When the items arrived, I got a new surprise. Seems IKEA thinks 'unfinished' means "slap all sorts of stupid, hard-to-remove warning labels all over stuff so you can't finish it yourself." I personally take 'unfinished' to mean 'not yet finished,' not 'never to be finished'. The sticker in the photo above basically just says "Don't leave your baby unattended on this" in 15 different languages. So I'm stuck trying to get this stuff off before I slap finish on it, and it'll probably always look weird because the sticker glue set into the wood. Couldn't they put a flyer in the box? Or print this helpful message on the bag containing the hardware, so I'd only have to look at it then?
It'd be great if IKEA had an ironic slogan I could make fun of to sum up this post, but all they offer is "affordable solutions for better living," which I can't turn into anything worth writing. So I'll just say screw IKEA!
Shakeup
So, we moved today.
Stayed up until past 3 packing, then the alarm went off at 6 AM so we could be up in time for the movers. I always feel dumb when they're moving you out... You just sit there, until they remove the things to sit on. Then you sit on the floor. You can't go out and do stuff, because they have to keep on asking you "Is this going?" "Yes." "Is this going?" "Yes." They head out, take out the cable TV feed to a nearby building with their truck, and we scramble to sweep out pounds of fur and dust and gather up the cats and beat the movers back to the new place. And beat the ticking timebomb urinary doomsday that is a terrorized cat in a carrier in a car on a stressful day.

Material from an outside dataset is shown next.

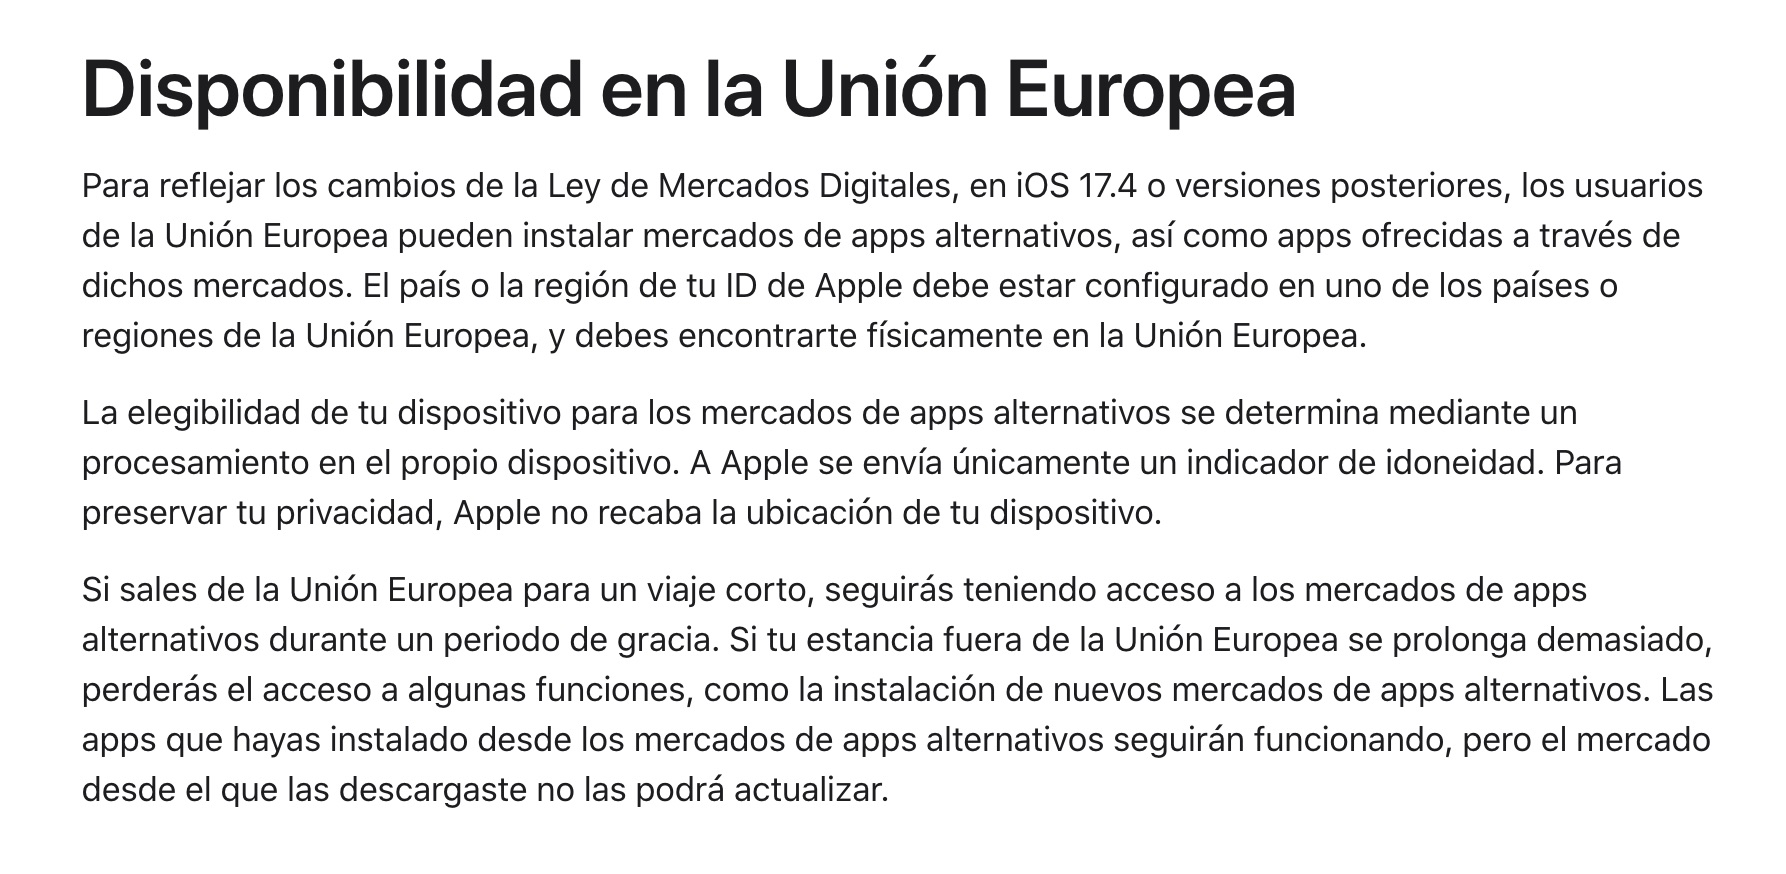 El mismo párrafo en la web española de Apple, sin actualizar con esa mención de los 30 días, un indicio más de que van decidiendo muchos de estos detalles sobre la marcha.

Then, on the other side: Guy walks up, shows you something you own, says "Bedroom?" "Yes." "Office?" "Yes." I'm grateful I can afford movers, because I don't think I could carry a piano on my back alone. But there's something about just sitting there while it happens that makes me feel... impotent. And spoiled. Impotent metaphorically, mind you.
God I'm tired now. Which box has the toothpaste?